## YOUR OBJECTIVE
In the material below, find the line containing "Аккумуляторная батарея lifepo4" and output it and all lines after it exactly, through the last one, without the pictures.

## DATA EXTRACT
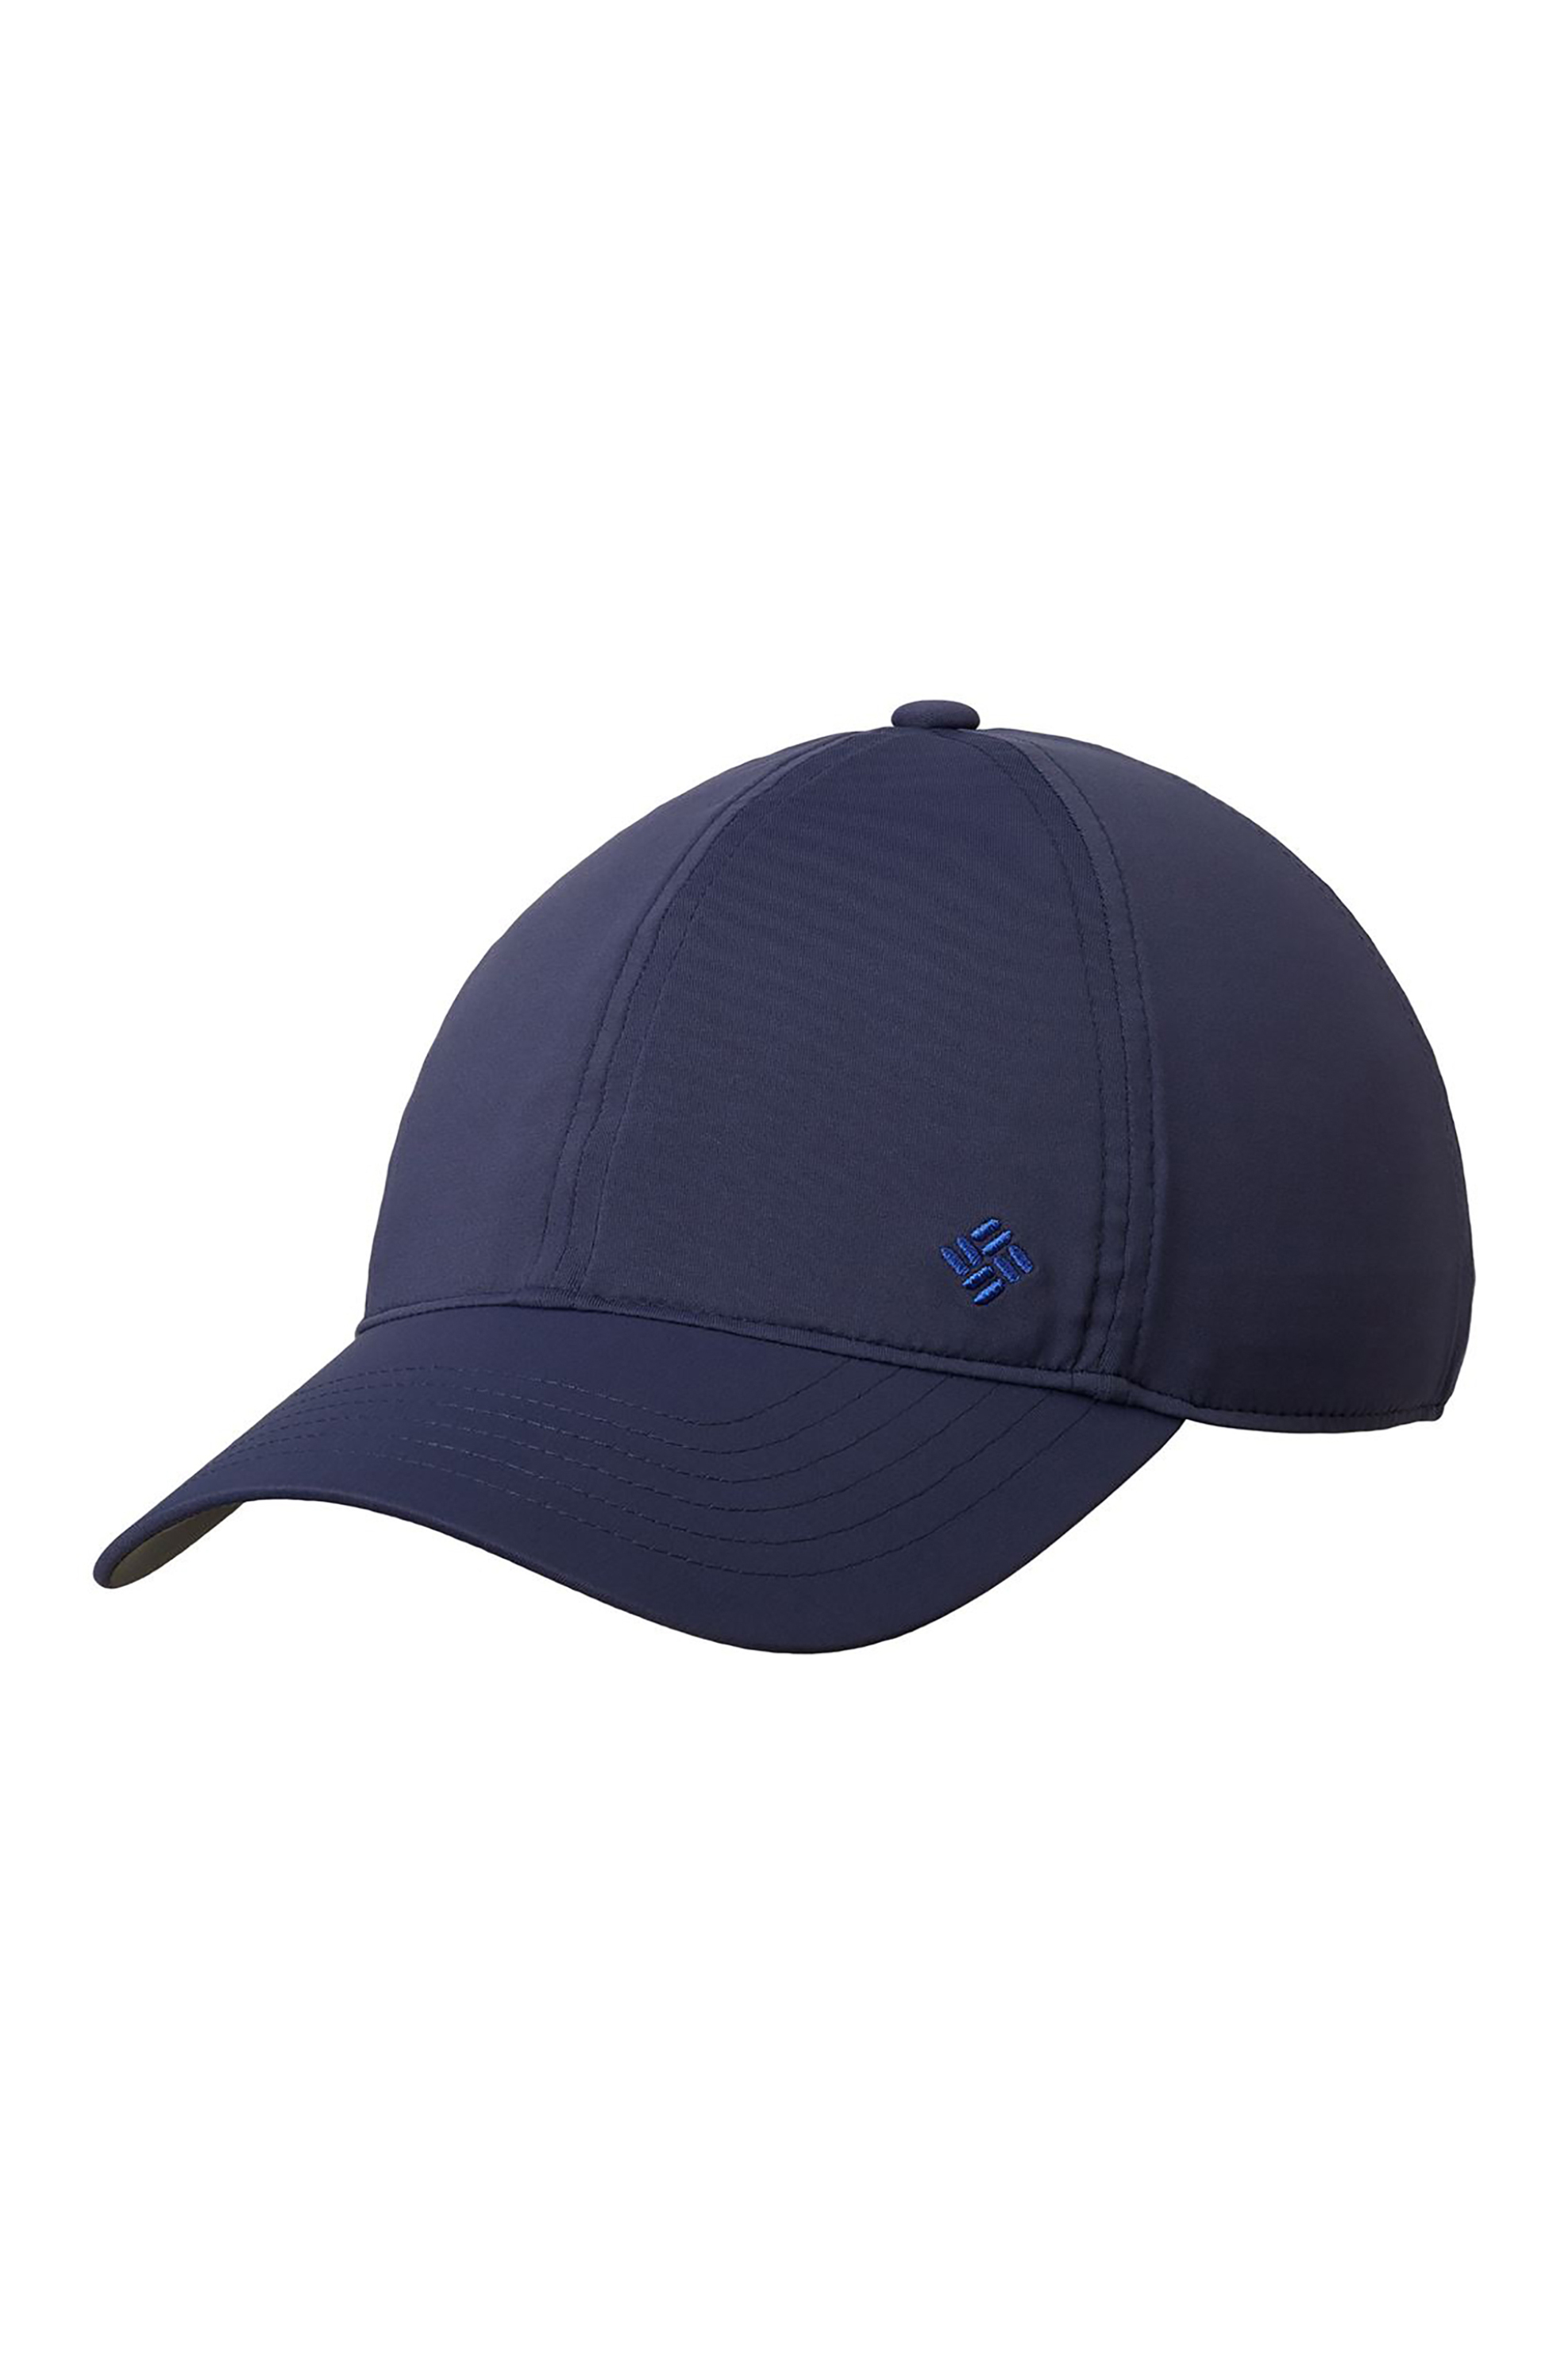 Ανδρική Μόδα > Ανδρικά Αξεσουάρ > Ανδρικά Καπέλα & Σκούφοι Columbia unisex καπέλο jockey με κεντημένο λογότυπο ''Coolhead™ II'' - 1840001466TEM Μπλε
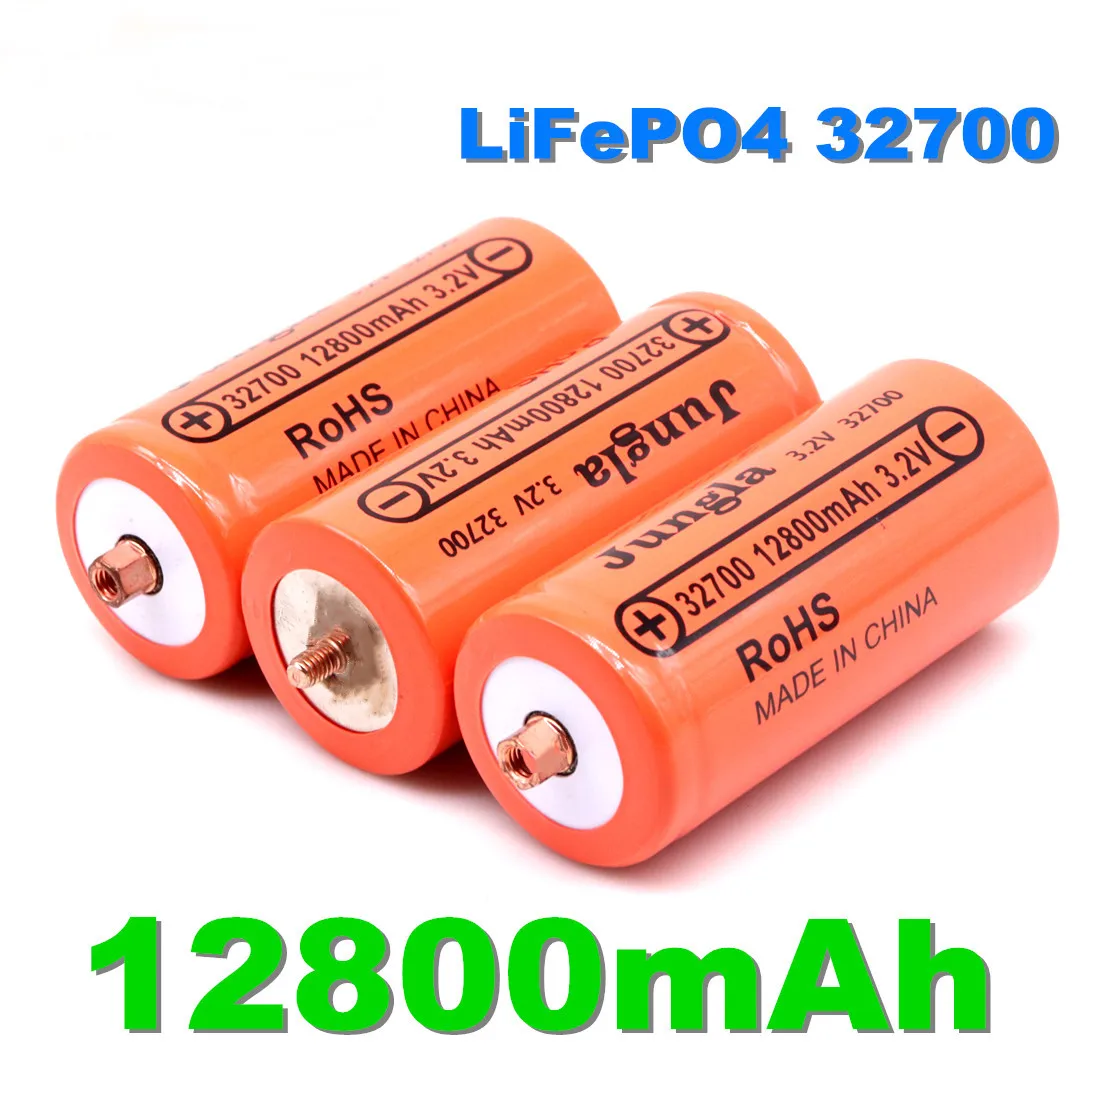 Аккумуляторная батарея lifepo4 100% originale 32700 3,2 В 12800 мАч профессиональная литий-фер-фосфатная аккумуляторная батарея avec vis1
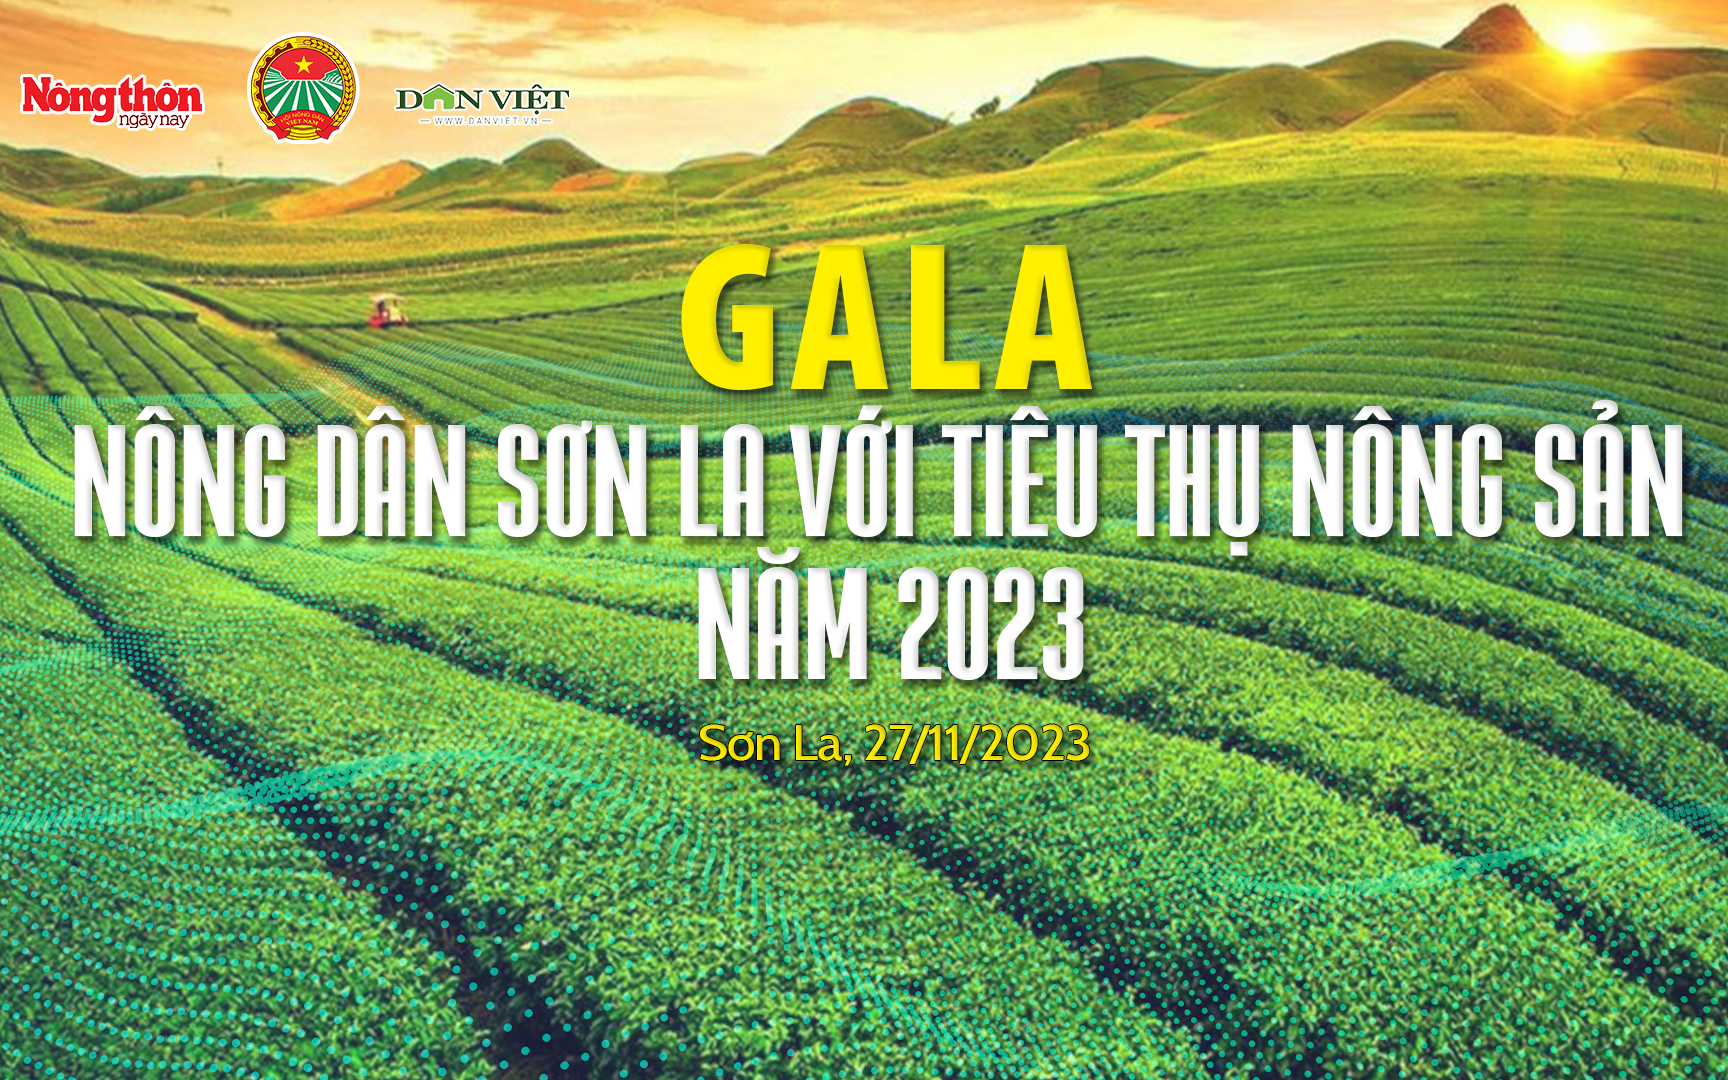 [TRỰC TIẾP] Nông dân Sơn La với tiêu thụ nông sản năm 2023: Những giải pháp từ thực tiễn

## TASK ANSWER
 Аккумуляторная батарея lifepo4 100% originale 32700 3,2 В 12800 мАч профессиональная литий-фер-фосфатная аккумуляторная батарея avec vis1
 [TRỰC TIẾP] Nông dân Sơn La với tiêu thụ nông sản năm 2023: Những giải pháp từ thực tiễn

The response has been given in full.